Exercise brief - A faithful copy is needed of the lines below from the one with "Bộ Văn hóa, Thể" up to and including the one with "321不锈钢板价位-江苏省口碑好的321不锈钢板供应商当属无锡通新合不锈钢管"; set it down with no pictures and no other lines.

Working data -
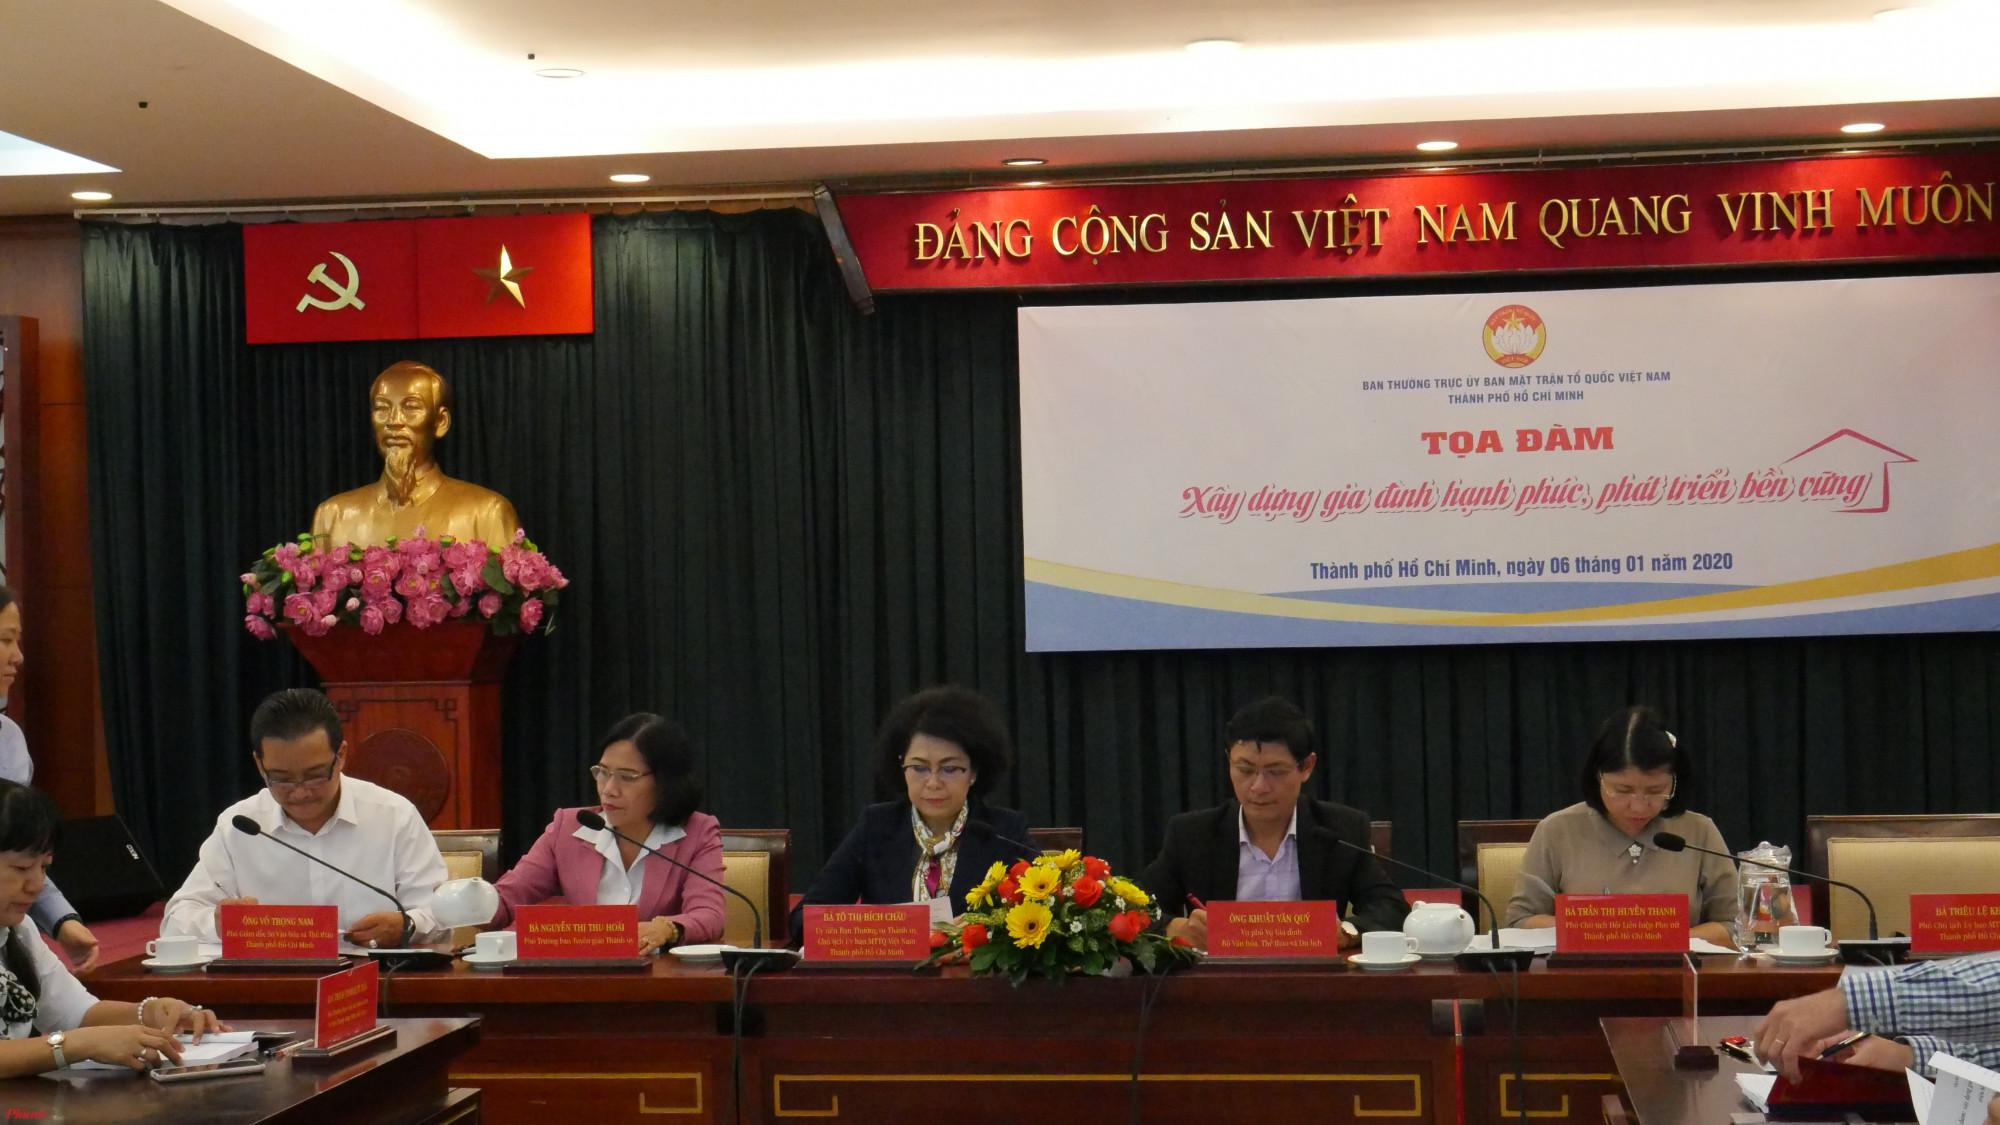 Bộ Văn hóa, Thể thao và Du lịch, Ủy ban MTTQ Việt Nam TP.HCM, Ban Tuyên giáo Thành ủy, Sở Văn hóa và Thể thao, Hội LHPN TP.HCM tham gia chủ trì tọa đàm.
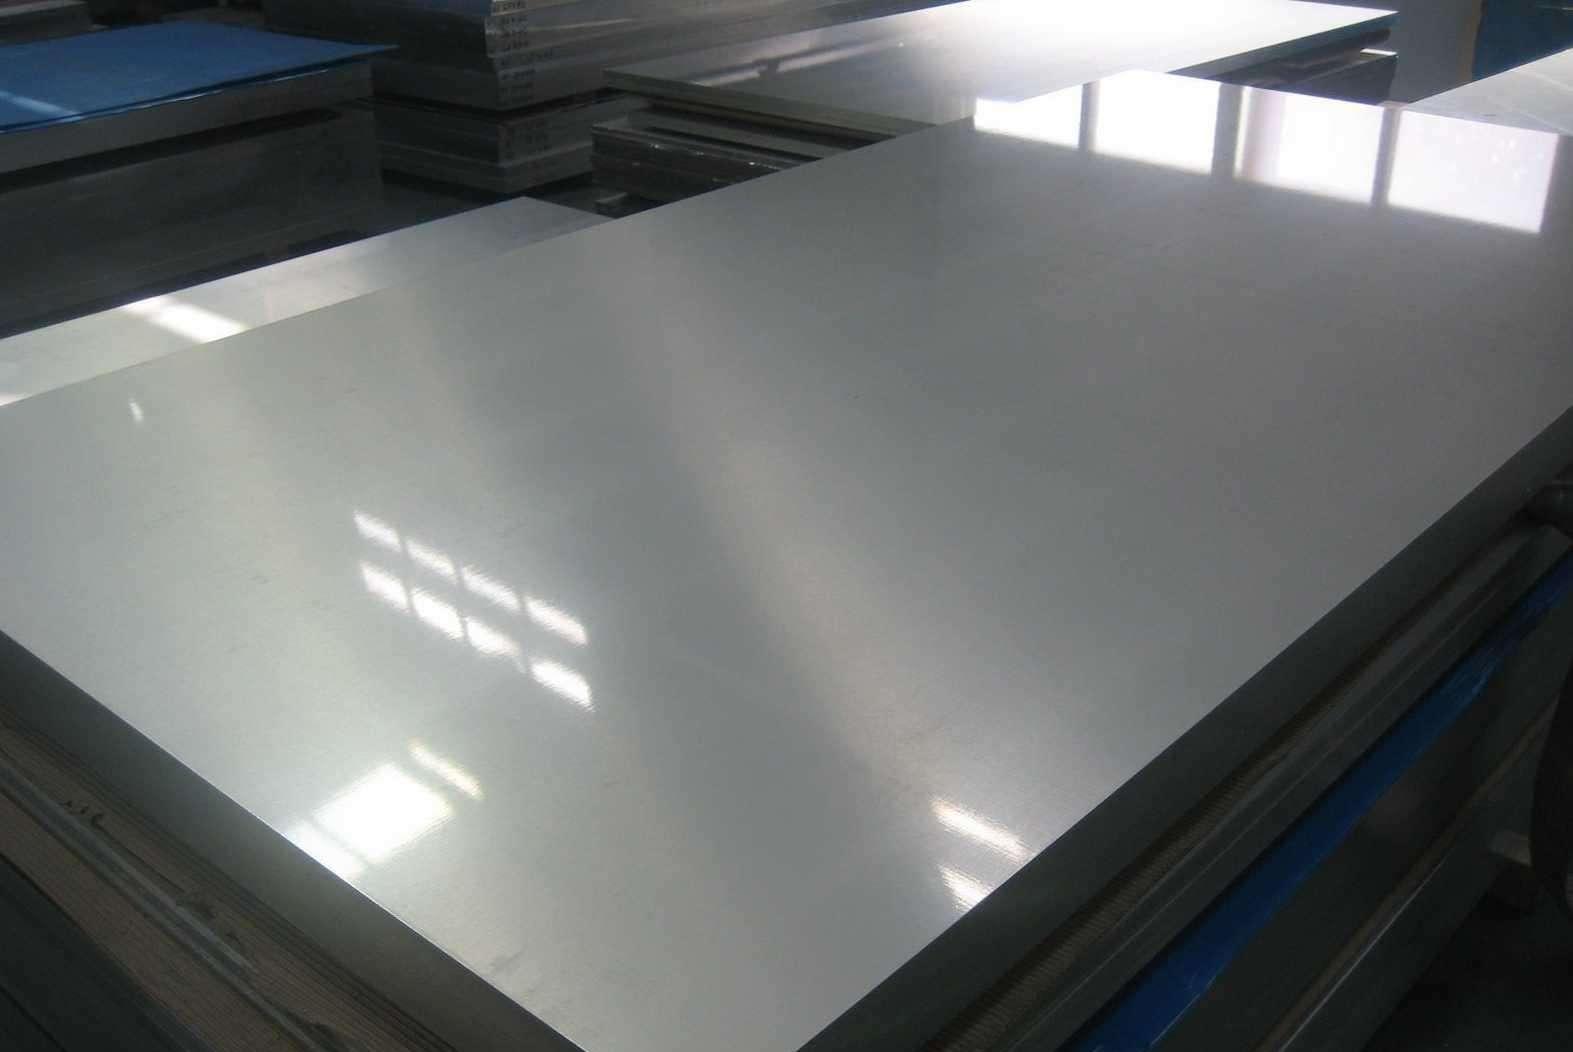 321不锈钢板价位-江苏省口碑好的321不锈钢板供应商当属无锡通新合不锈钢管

* * *

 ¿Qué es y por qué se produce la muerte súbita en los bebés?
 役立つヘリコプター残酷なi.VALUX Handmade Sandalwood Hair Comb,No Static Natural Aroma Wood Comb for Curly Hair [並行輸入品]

Exercise response -
 Bộ Văn hóa, Thể thao và Du lịch, Ủy ban MTTQ Việt Nam TP.HCM, Ban Tuyên giáo Thành ủy, Sở Văn hóa và Thể thao, Hội LHPN TP.HCM tham gia chủ trì tọa đàm.
 321不锈钢板价位-江苏省口碑好的321不锈钢板供应商当属无锡通新合不锈钢管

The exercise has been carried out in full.